Folk music and the very conscious application of aspects of folk music -- tunes, gestures, sonorities -- to serious concert music, was all the rage during the early twentieth century and it seems like every major country or ethnic group had its native champion or champions. Hungary had Béla Bartók and Zoltán Kodály; the United States had Charles Ives; and Norway had a man named Geirr Tveitt, a composer, pianist, teacher, and folk music collector who never earned anything like the fame awarded those other "folkish" composers but who has, in the years since his death in 1981, been investigated by Norse music lovers and scholars with ever-increasing interest. Efforts to paint a clear and accurate picture of the man's life and work have proven difficult, however: A fire ravaged his home in 1970, making ash of most of his compositions and folk music collections.

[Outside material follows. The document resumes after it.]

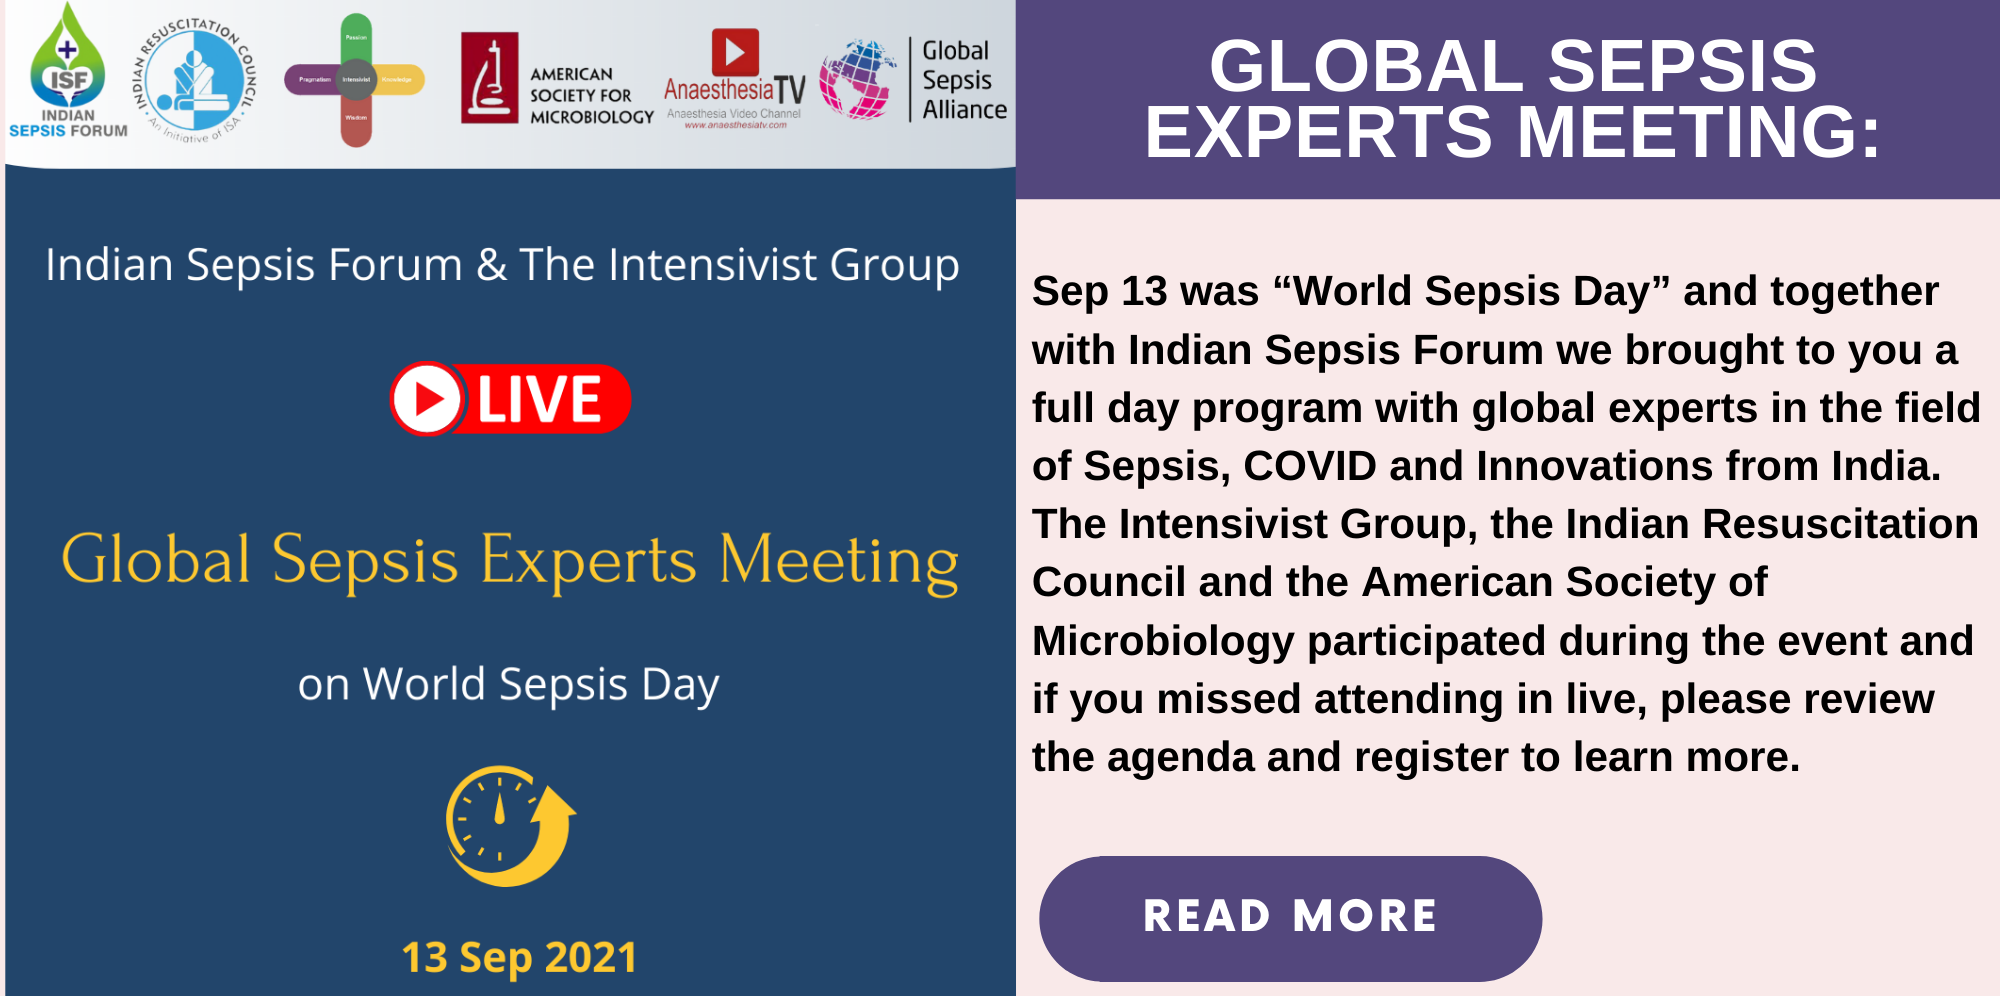 Global Sepsis Experts Meeting

Tveitt was born in October 1908 and grew up, for the most part, in the region of Norway known as Hardanger. The piano and the violin were familiar to him from early childhood on, but when he went to the Leipzig Conservatory or formal schooling (1928 - 1932) it was composition on which he focused. After stops in Vienna (the Vienna State Academy) and Paris, where from 1932 to 1935 he took private lessons from Villa-Lobos and Honegger, he returned to Norway and supported himself writing criticism in Oslo and teaching privately. In 1941, he was awarded a Norwegian state pension and in 1942, he took up residence in the Tveitt family farm in Hardanger, devoting himself mainly to composition and to the collection and transcription of the region's folk music. His life's sailing was not always smooth, though: A scandal involving the Nazi's during the German occupation of Norway in World War II resulted in Tveitt having his state pension taken from him (it was reinstated in the late '50s) and several thousand pages of work -- including the bulk of 300 original works and reams of notated folk music unavailable except through Tveitt's transcriptions -- were lost to the above-mentioned 1970 fire. From time to time, Tveitt appeared as a performing pianist in his own works.

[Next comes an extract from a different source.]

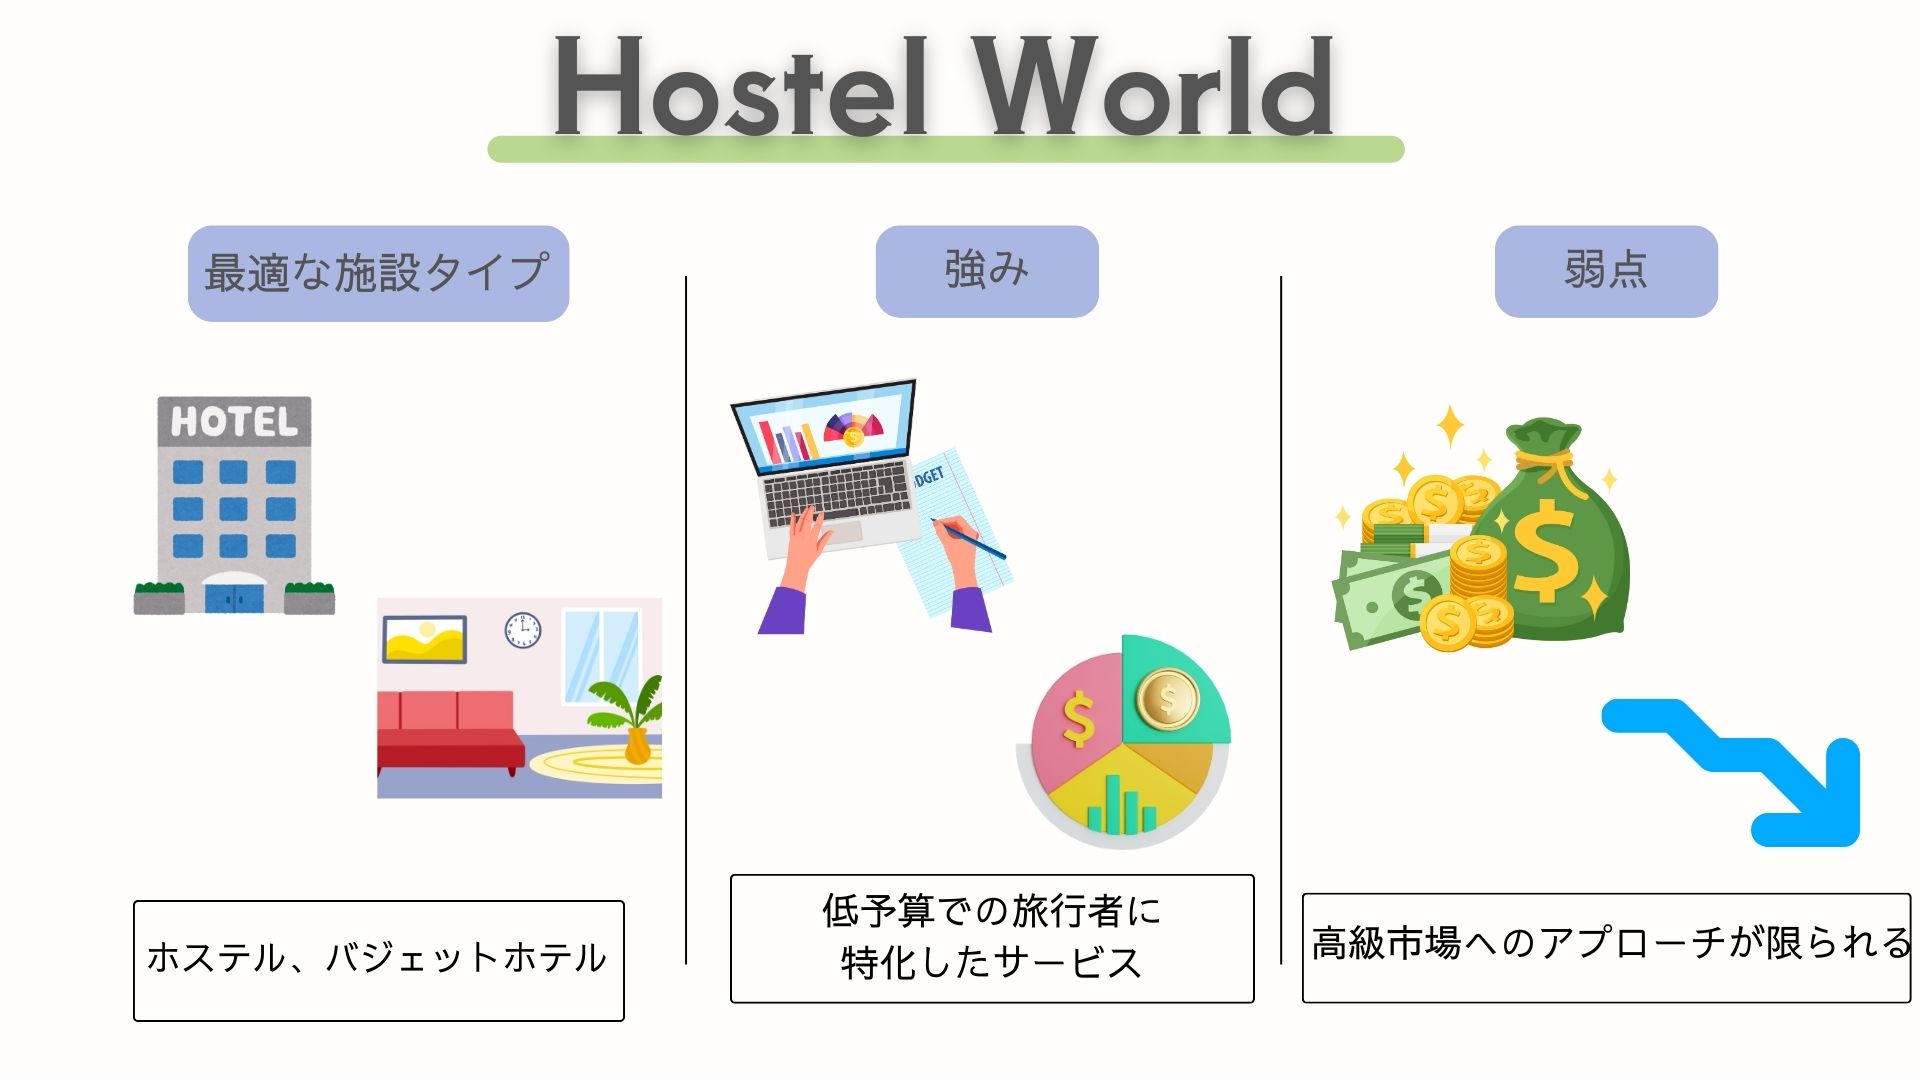  Hostel World

Tveitt's personal musical style draws heavily on the folk music with which he was so familiar, as much or more so even than does Bartók's. In 1937, he authored a theoretical treatise, Tonalitätstheorie des parallelen teittonsystems (Theory of parallel modal systems), seeking to support his own personal conclusion that the modal scale system (the so-called church modes) employed to various degrees and in various ways throughout the history of Western music are actually based on ancient Norwegian folk scales. His conclusions have for the most part been ignored, but the treatise still offers a great window through which to better observe the methods and manner of his own music-making. His output was prolific, including some 29 piano sonatas, five operas, a half-dozen piano concertos, a violin concerto, several suites for orchestra, miscellaneous chamber music, and works for various other solo instruments, including harp and saxophone. There is also a large body of pseudo-folk vocal songs. His best-known works are those that rely most on folk music: One Hundred Folk Tunes (1954 - 1963), a series of orchestral suites; and a volume, famous in Norway, called 100 Hardanger Tunes.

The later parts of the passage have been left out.